The Conmaicne (/sga/; Conmhaicne) were a people of early Ireland, perhaps related to the Laigin, who dispersed to various parts of Ireland. They settled in Connacht and Longford, giving their name to several Conmaicne territories. T. F. O'Rahilly's assertion the Conmaicne were non-Goidelic is not widely accepted.

==Etymology==
Their name originates from a mythical ancestor known as Conmac(c) (/sga/), meaning "hound-son" (con, prefix form of n-stem cú hound; mac, son). Conmac(c) descended from Fergus mac Róich and Queen Medb of Connacht. However, Walsh stated "Conmac son of Fergus is a genealogical fiction". The word Conmaicne means "progeny of Conmac" (-ne, a progeny). The name in Old Irish spelling contains m (without a following h) and c (or more etymologically, cc), thus Old Irish Conmac(c) and Conmaic(c)ne, but in Modern Irish spelling contains mh (with unetymological h as a sign of lenition) and single c, thus Conmhac and Conmhaicne).

==Branches==
The Conmaicne split into several branches that dispersed to various places.
- Conmaicne Cenéoil Dubáin of Dunmore, County Galway.
- Conmaicne Cúile (Conmhaicne Cúile) of Kilmaine, County Mayo.
- Conmaicne Mara (lit. 'Conmaicne of the Sea'; Conmhaicne Mara) settled in the west of County Galway and became Connemara.
- Conmaicne Réin (Conmhaicne Réin), Conmaicne Maige Réin (Conmhaicne Maighe Réin) or the "lower Conmaicne" of Magh Réin, now Fenagh, County Leitrim.
  - Cenel Luacháin (Cinéal Luacháin) who ruled what is now two parishes, Oughteragh and Drumreilly, in Carrigallen, County Leitrim.
  - Muinter Eolais
    - Muinter Cerballáin (Muintir Chearbhalláin)
    - Cluain Conmaicne (Cluain Conmhaicne) a settlement in modern day Cloone, County Leitrim.
- Muinter Angaile (Muintir Anghaile), or "upper Conmaicne", of Annaly, county Longford.
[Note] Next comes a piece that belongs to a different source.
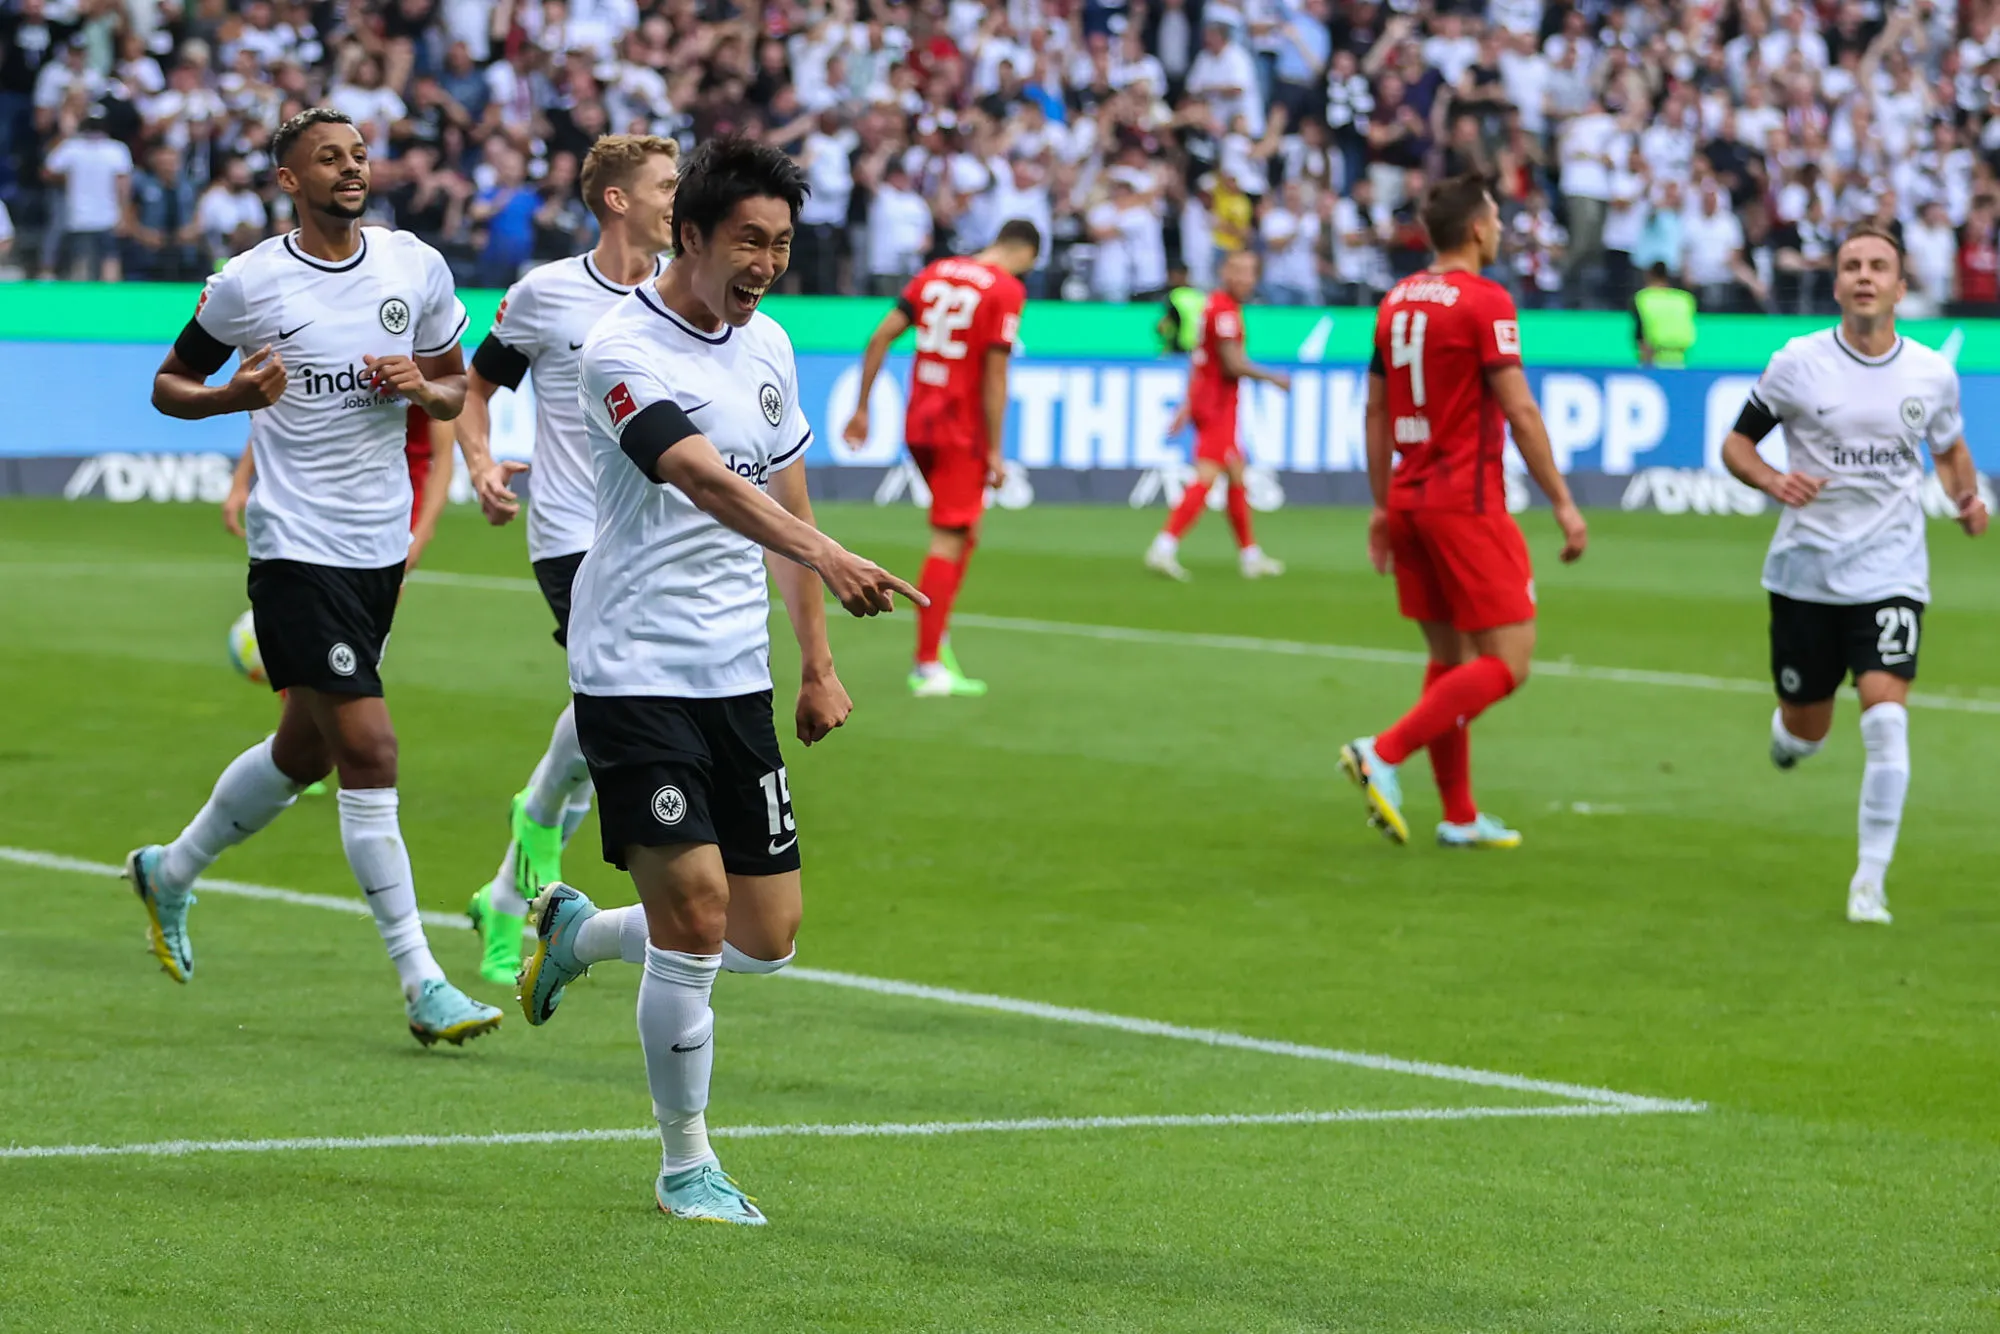 Pronostic Eintracht Francfort Tottenham : Analyse, cotes et prono du match de Ligue des Champions
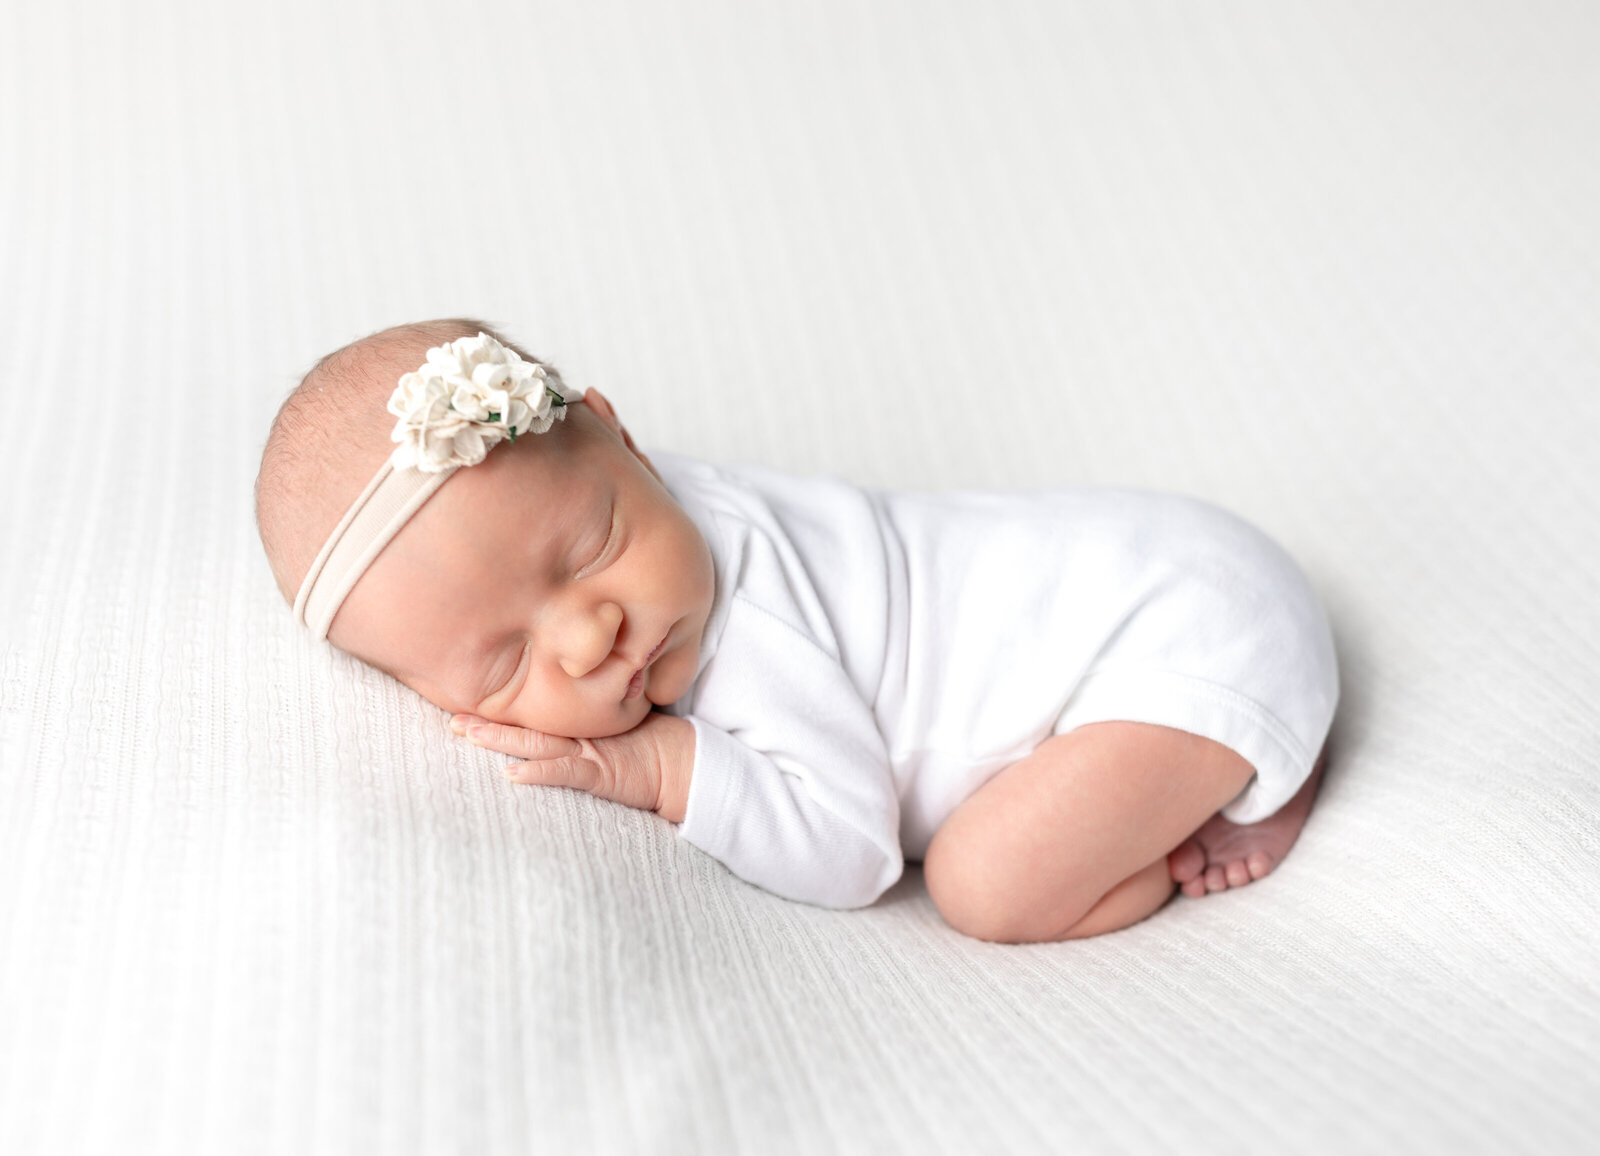 newborn baby girl posed on white fabric for newborn photoshoot

The Diocese of Ardagh was established in 1111 as the see for east Connacht. Fourteen years later, at the Synod of Kells-Mellifont, its area was reduced to the territory of the Conmaicne Réin and Muinter Angaile, south county Leitrim and all county Longford. The diocese was commonly called "the Diocese of the Conmaicne".

==People==
John O'Donovan wrote:

The chief families of the Conmacians were the O'Fearralls, princes and lords of Annaly, or Longford; the Mac Rannalls, a name anglicised to Reynolds, who were Lords of Conmaincee of Moy-Rein and Muintir-Eolais, in Leitrim; the Mac Keoghes, who were chiefs in Galway, and also in Lenister; the MacShanleys; O'Rodaghans; MacDorchys; O'Mulveys; O'Morans, and O'Mannings, chiefs and clans in various parts of Longford, Leitrim, and Roscommon.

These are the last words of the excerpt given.